Publié par : Alépine | janvier 19, 2012

Mákos Beigli / Roulé au pavot

Direction la Hongrie. Je suis revenue de ce voyage avec plusieurs sachets de pavot, dans le but bien sûr de tester des recettes de fameux gâteaux d’Europe centrale. J’aime beaucoup cette culture du café + gâteau qu’on retrouve là-bas. Le pavot est très utilisé dans cette région (et aussi en Europe de l’Est), et il existe un gâteau très populaire en Hongrie, le roulé au pavot ou “Beigli”. C’est un gâteau traditionnel fourré  au pavot ou aux noix, servit durant les fêtes de Noël et Pâques.

Après beaucoup de recherches pour trouver une recette claire et authentique en anglais ou français, je suis tombée sur cette jolie vidéo d’une Hongroise vivant au Canada.

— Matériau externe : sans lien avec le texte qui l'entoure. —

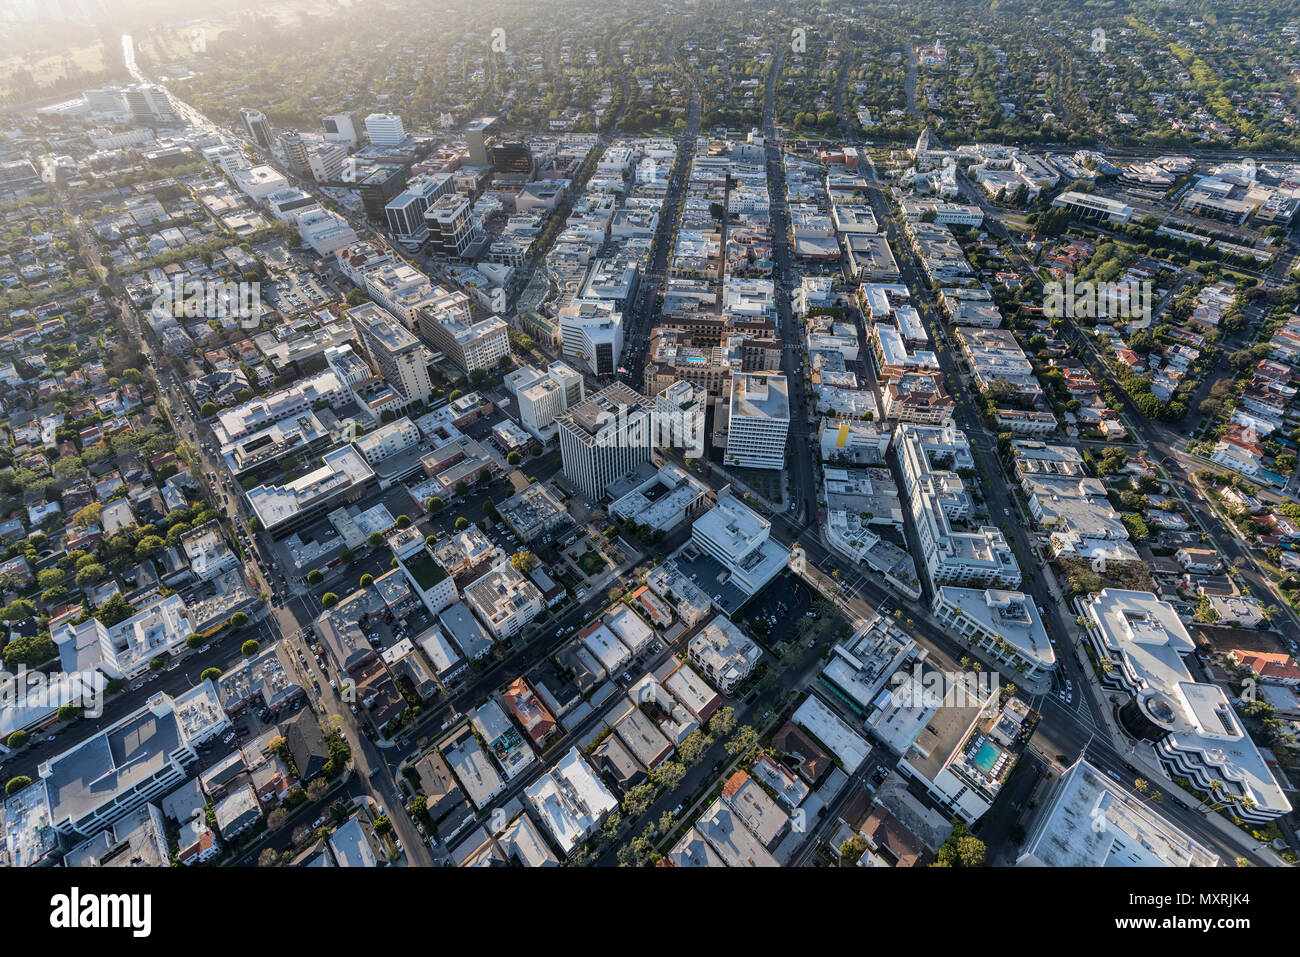 Los Angeles, Californie, USA - 18 Avril 2018 : Vue aérienne de Triangle Doré Business district, notamment Rodeo Drive et Wilshire Bl. Banque D'Images

C’est donc sa recette que j’ai finalement retenue.

Mon avis :

- Je pense avoir étaler la pâte trop finement, et la farce s’est un peu “décollée” de la pâte après cuisson, mais pour une première fois ça peut aller (au moins ça ressemble à la photo de mon sachet de pavot)!

- Je suis habituée à la bonne brioche française, donc à mon goût la pâte manquait de beurre.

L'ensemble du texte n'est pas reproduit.